Deoborah Mullen, who frequently travels to speak with her husband to service members and their families, said issues such as unemployment are important to military spouses, too. About three-fourths of military spouses either are working or seeking employment, she said, adding that they have excellent work characteristics.
“They’re enormously flexible, they have great strength and they’re used to change,” she said.
The Mullens also addressed mental-health problems, suicides and homelessness among military families and veterans.
The admiral noted that the biggest change in treatment has been the increasing willingness of service members to seek help. Outreach efforts by leaders have made headway against the stigma attached to seeking mental-health care in the military culture, he said, but “we’re not there yet” in making the perceived stigma a thing of the past.
The military now deploys mental-health professionals to the war theaters, mandates “time outs” for service members who have been near explosions and keeps adding mental-health workers as they become available, Mullen said.
“Often, the symptoms, if you don’t do anything about them, won’t manifest for several years, then they are harder to treat,” Mullen said.
Meanwhile, suicides have become “almost epidemic,” the chairman said, adding that the problem isn’t well addressed across the nation at large.
“I worry that we are at the tip of the iceberg here” with service member suicides, he said, noting that because many suicides are not tied to combat deployments, the causes are difficult to discern.

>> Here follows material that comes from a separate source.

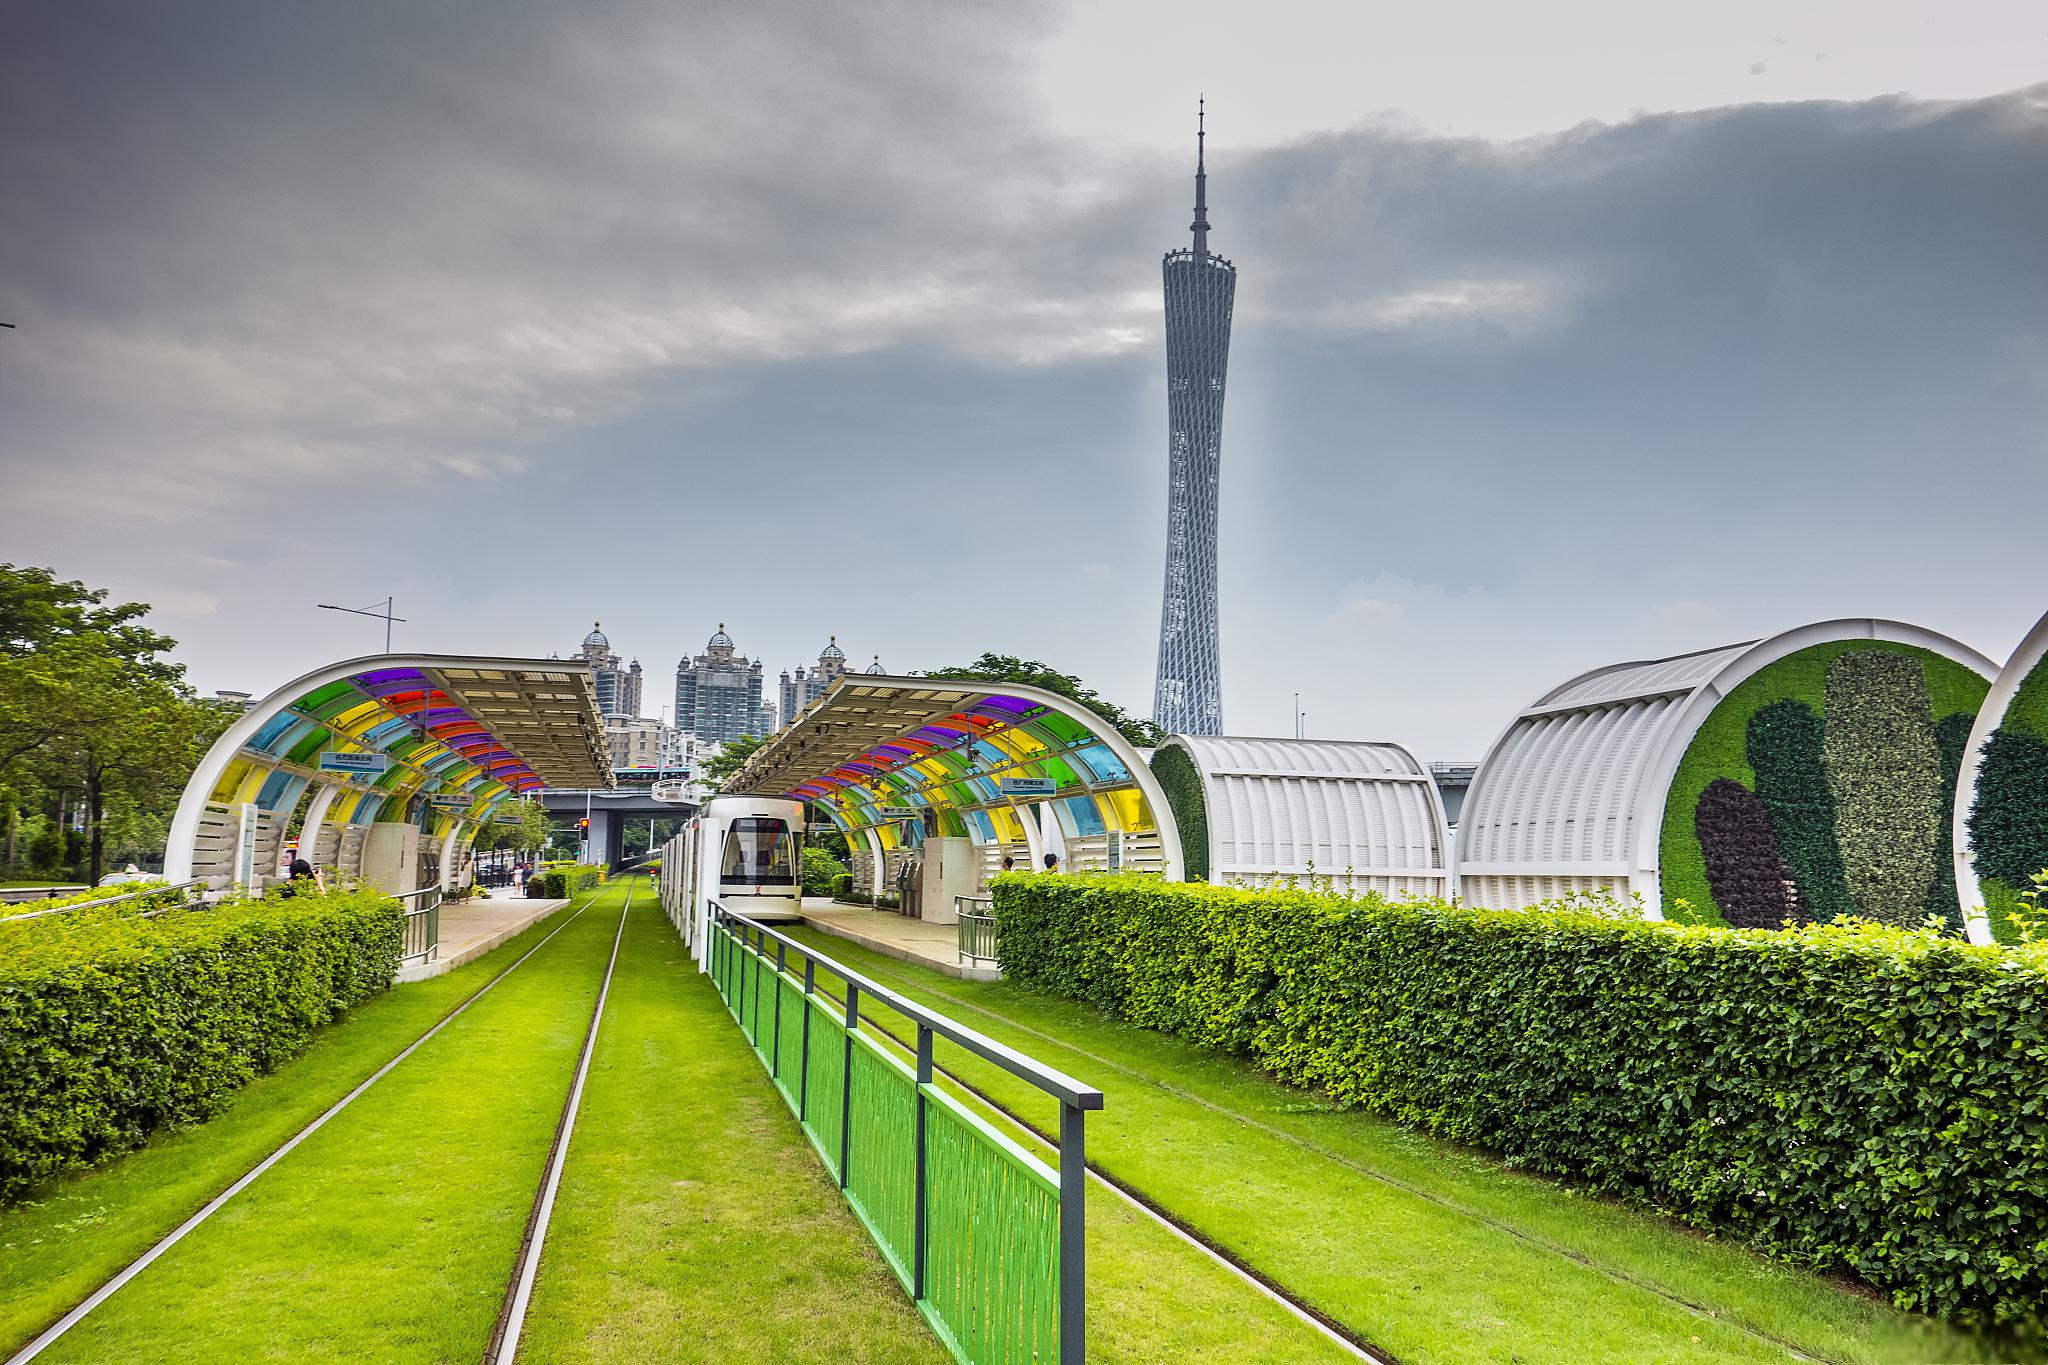 天河区旅游景点推荐 作为广州市的商业中心,天河区有着许多令人兴奋的

Regarding homelessness, a growing problem particularly for young female veterans, Deborah Mullen said the issue begins in the military. A significant number of homeless female veterans experienced sexual trauma in the military, she explained, which can lead to post-traumatic stress.
Also, many women don’t even think of themselves as veterans after they leave the military, and communities often don’t look at them that way, making them less likely to use veterans’ benefits to seek the help they need, she said.
Female veterans have a higher divorce rate and lower civilian pay rate than their male counterparts, and one-fourth of female homeless veterans have children in their custody, Deborah Mullen said. The trajectory of such women after leaving the service too often is “couch surfing, or sleeping in their cars,” then into homeless shelters, she said.